Exercise description:
Please produce an exact copy of only the lines from the one with "Customize Windows 10" through the last one of the material, without pictures.

The data:
━━━━━━━━━━━━━━━━━━━━

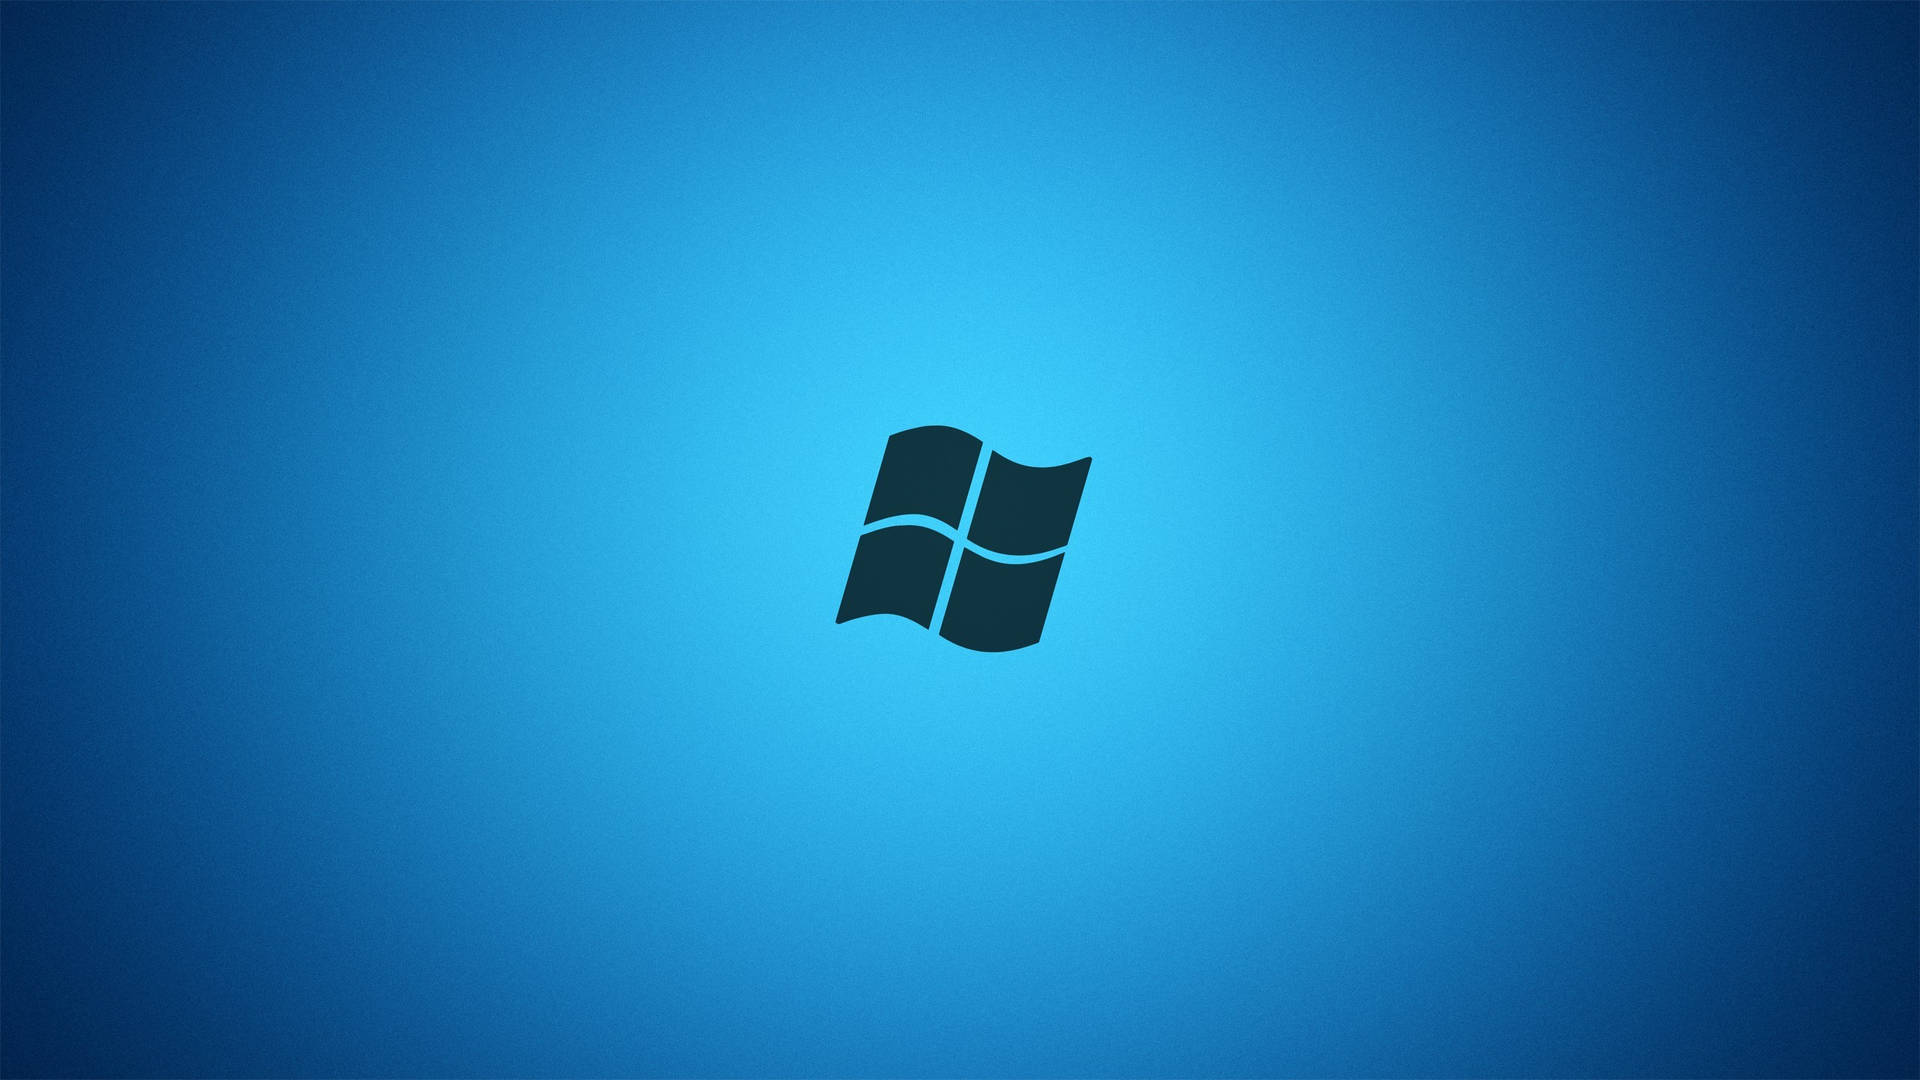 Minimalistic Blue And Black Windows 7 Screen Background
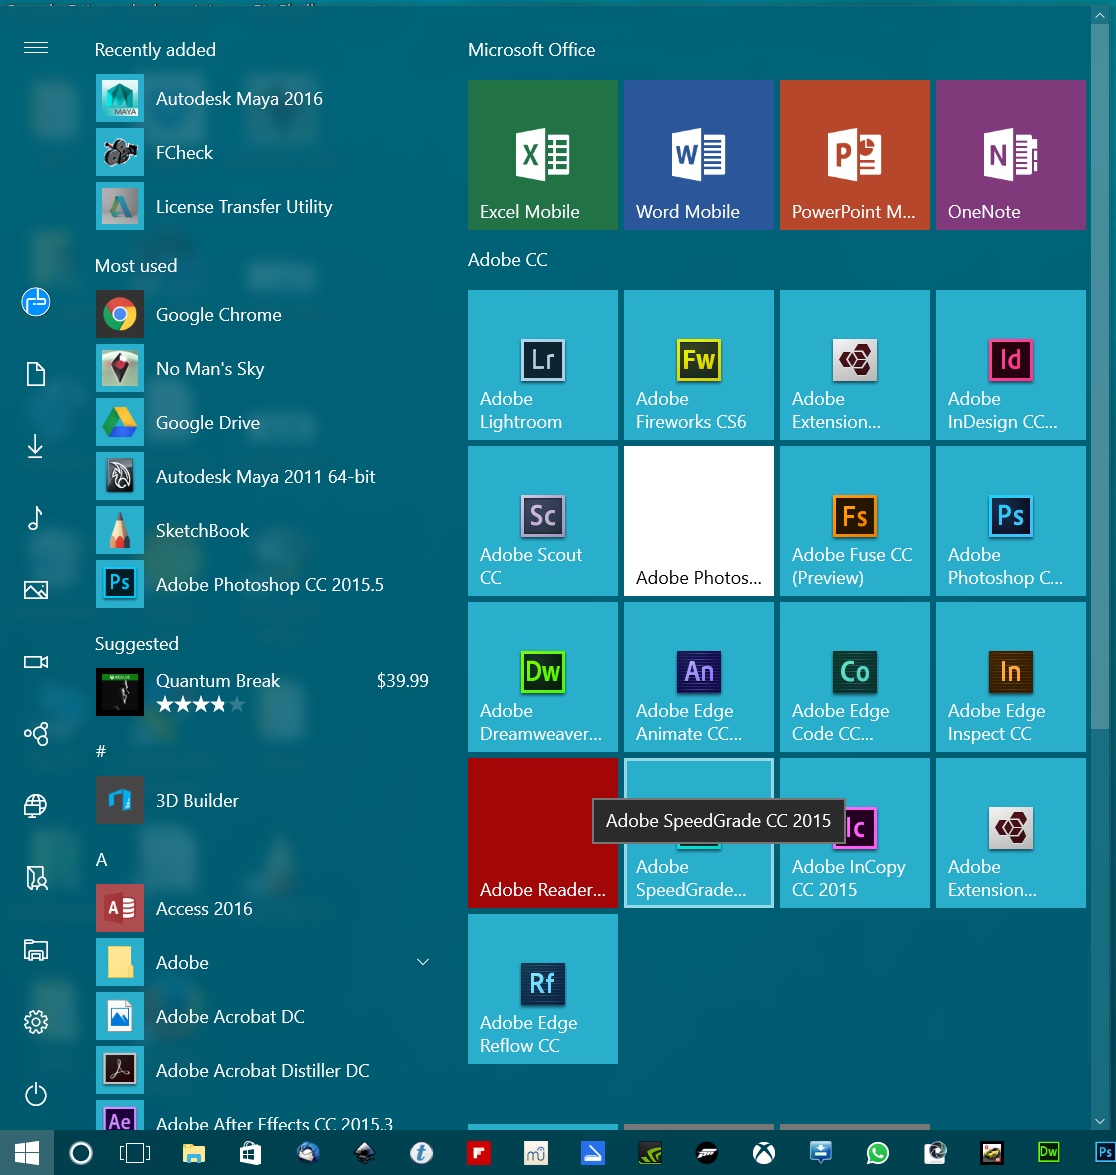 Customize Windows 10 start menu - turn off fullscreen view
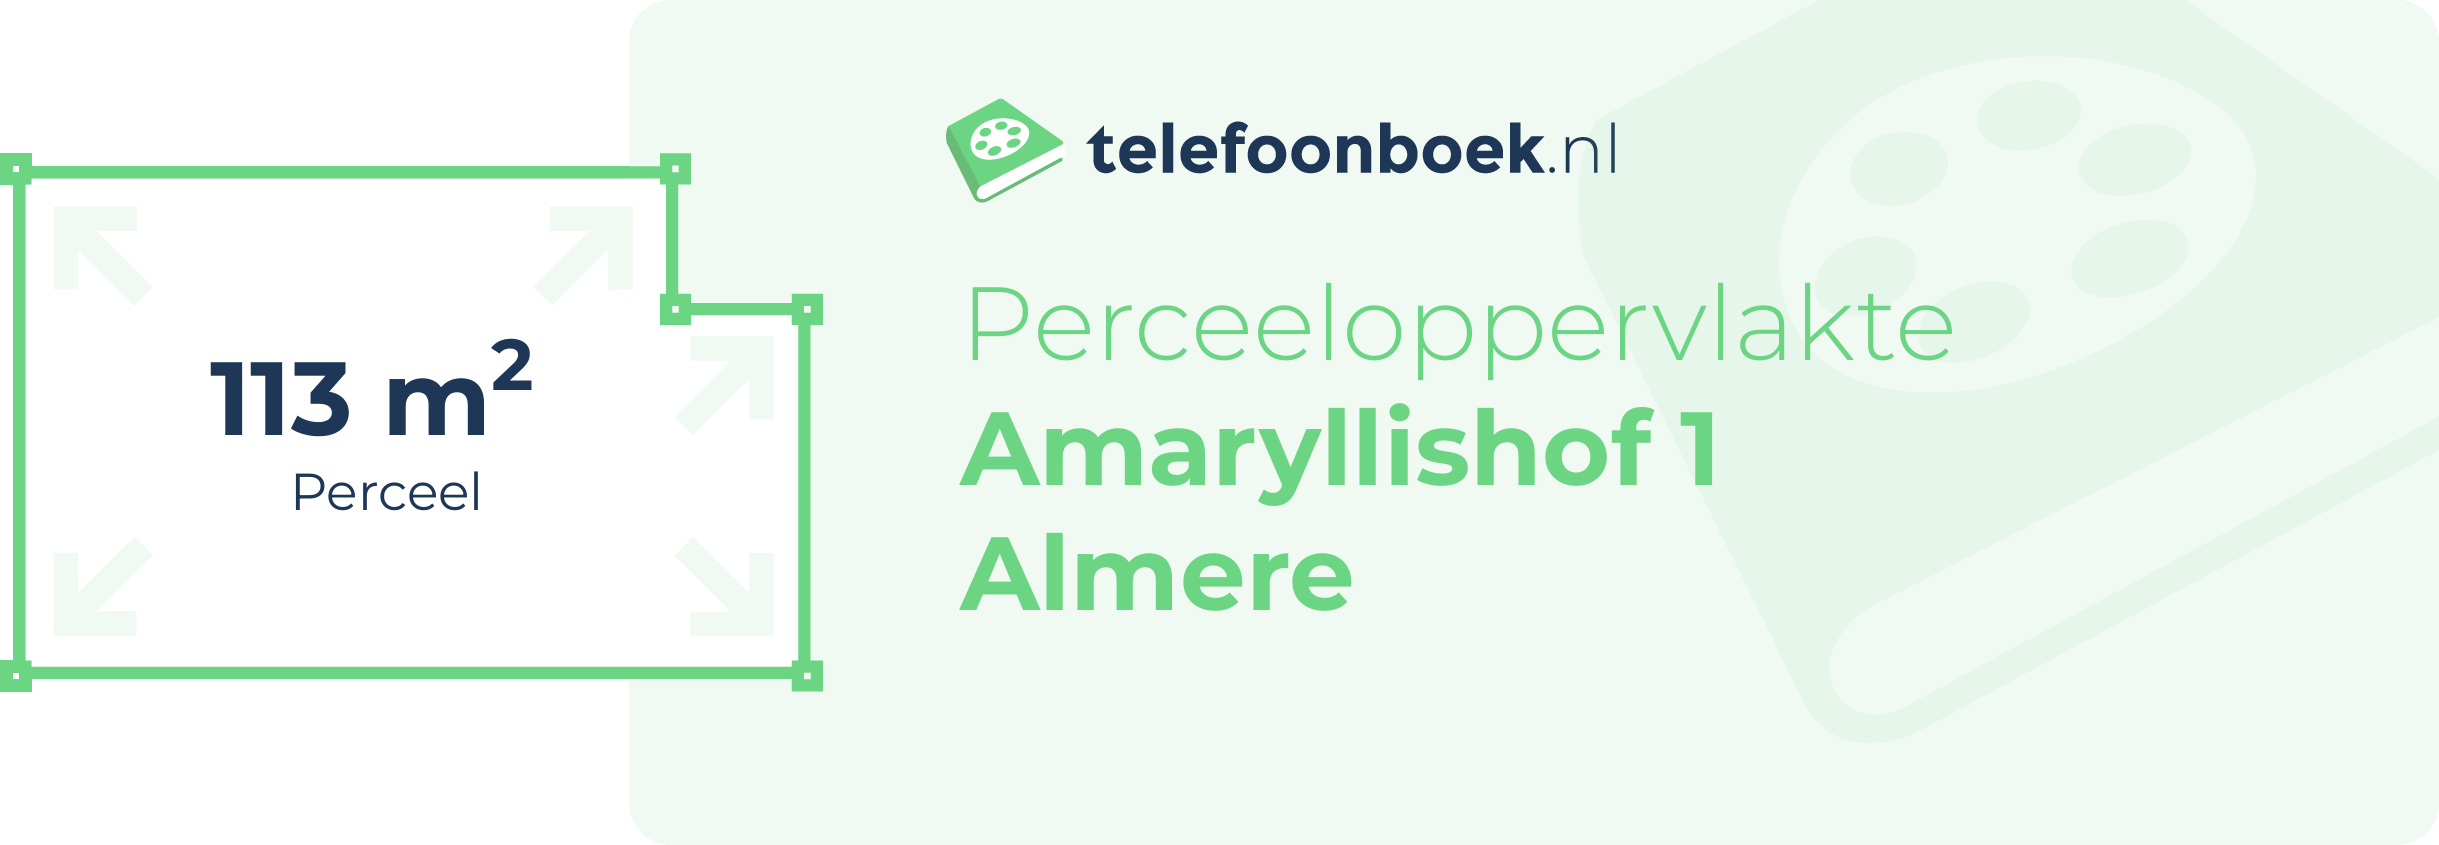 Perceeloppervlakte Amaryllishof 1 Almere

━━━━━━━━━━━━━━━━━━━━

Response to this task:
 Customize Windows 10 start menu - turn off fullscreen view
 Perceeloppervlakte Amaryllishof 1 Almere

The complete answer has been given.